Did you ever wonder what would happen if you wear the same pair of jeans five days a week for three months straight without washing them?

Melbourne researcher Tullia Jack recruited 30 volunteers to do just that – and will soon exhibit the grimy garments at the National Gallery of Victoria so the public can put them to the pong test.

She hopes the unusual experiment for her Master of Philosophy thesis will challenge our culture of “extreme clean”.

Despite stains and spills ranging from tuna and avocado to motor oil and chocolate, Ms Jack says the expectation dirty denim will be whiffy is much worse than the reality.

“Not washing your jeans isn’t nearly as bad as it sounds,” the Melbourne University student and RMIT fashion lecturer says.

“You really don’t need to wash clothes as often as you think. Stains come and go, they just wear off.”

Burying her nose in the pile of well-worn jeans on her desk, she picks out perfumes ranging from eggshells to caramel.

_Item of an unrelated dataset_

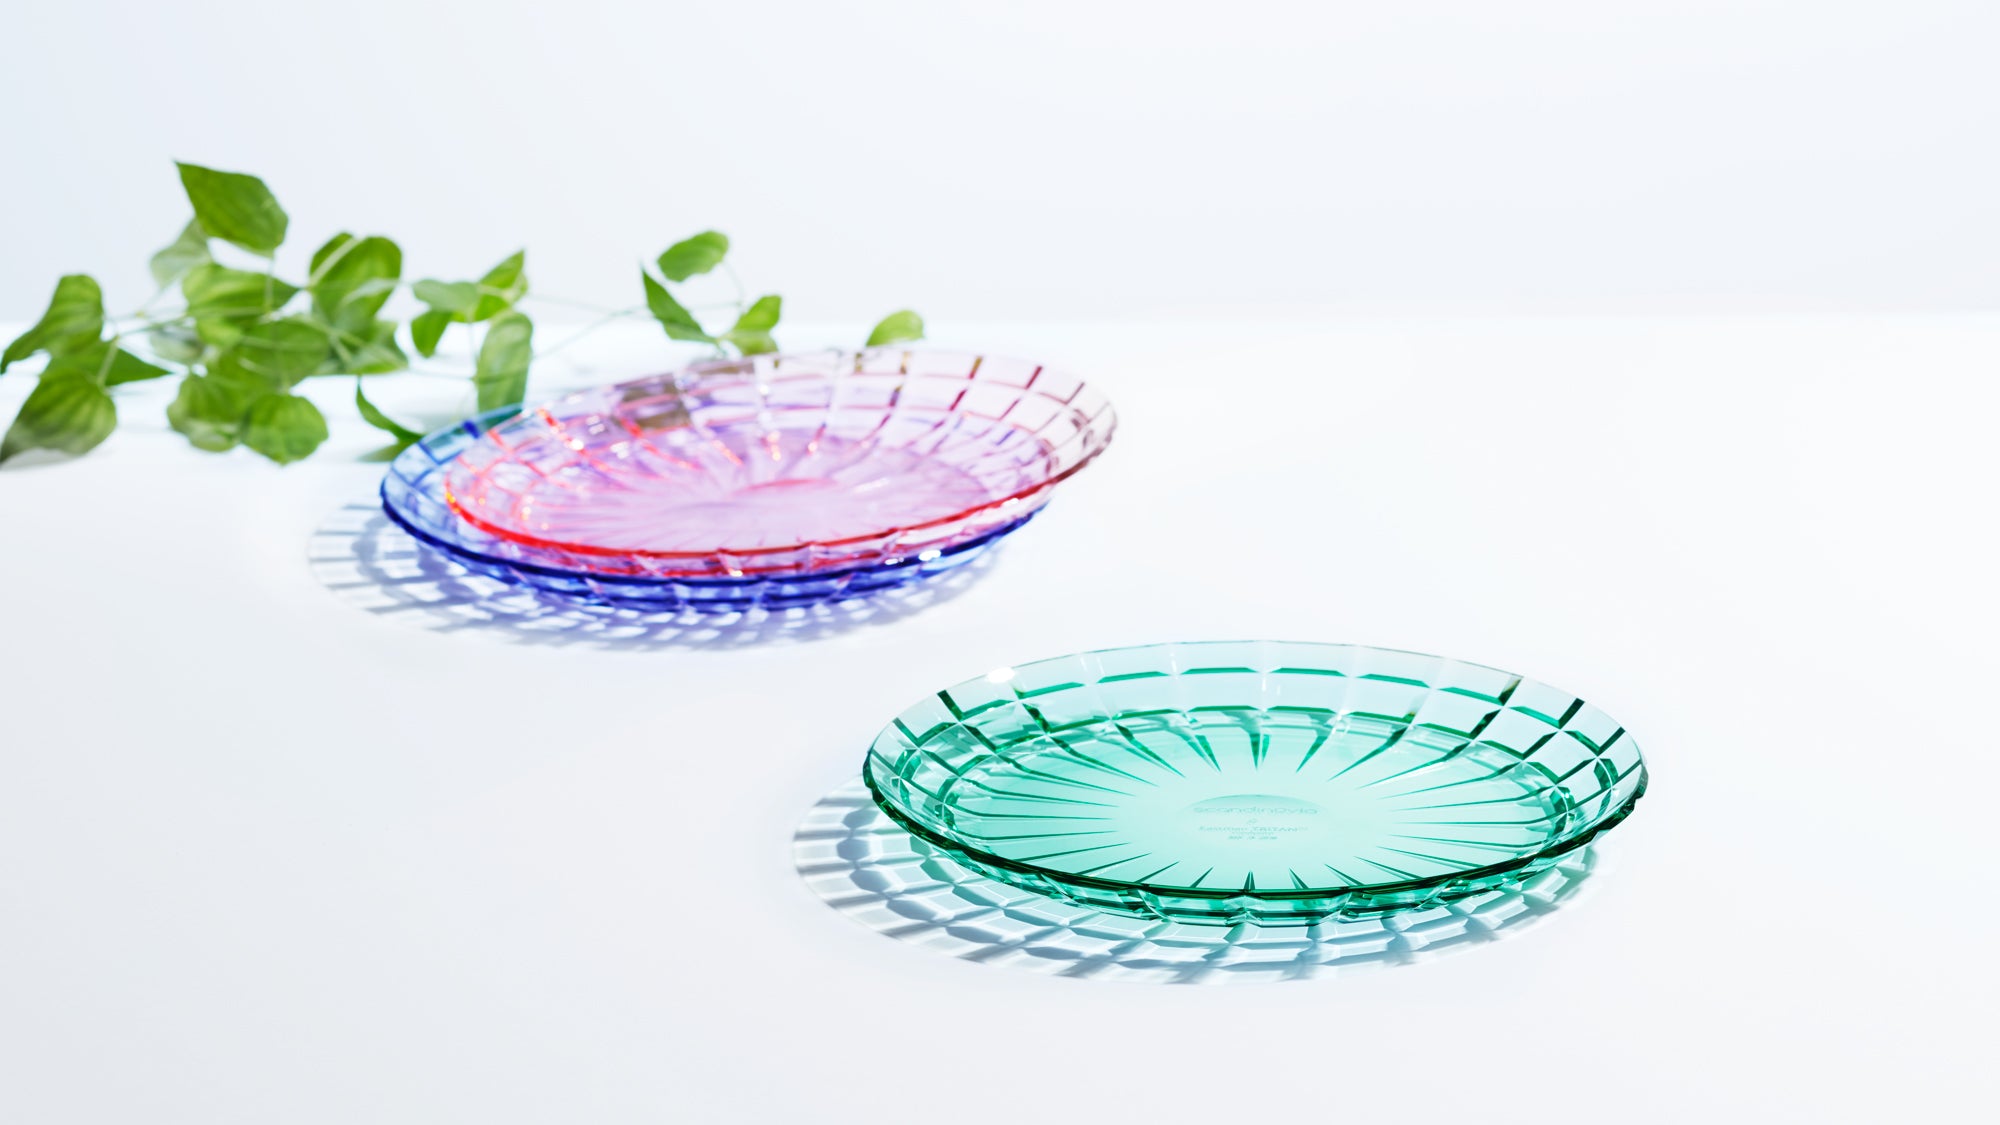 8 oz Unbreakable Premium Juice Glasses - Set of 4 - Tritan Plastic Cups -  BPA Free - 100% Made in Japan (Assorted Colors) - UPC:641945603392

“The jeans don’t smell socially challenging. They just smell like people,” she says.

Only one of the 30 experiment participants struggled to complete the task, which involved wearing a pair of duds donated by local denim label Nobody at least five days a week in March, April and May this year.

Many chose to expand the experiment and stopped washing other garments in their wardrobe such as T-shirts, shirts and jumpers, Ms Jack says.

The sustainable fashion advocate said participants had collectively saved thousands of litres of water, and had also saved on electricity and soap powders.

She hopes her ‘Nobody was Dirty’ exhibition, where the public will be invited to sniff the used jeans at the NGV Studio in March, will motivate many more Victorians to launder less.

Participants were recruited on social media. They ranged in age from 18 to 56, with an even split of men and women. They included a librarian, a high school teacher, a festival producer and a graphic designer.

The “great unwashed” kept Facebook diaries and were regularly interviewed to see how they felt – and smelt.

About half hit a rough patch between the three and six-week mark, and reported they didn’t want to wear the jeans any more, Ms Jack said.

But by the time the experiment ended, half wanted to continue wearing – and not washing – their dirty jeans.

Ms Jack’s research found men were more likely to wash inner layers more frequently, and were more conscious of their scent.

“I thought the boys would be smellier, but they weren’t,” she said.

One participant said the jeans experiment had made his life much easier.

“I didn’t have to work out what to wear every day,” he said.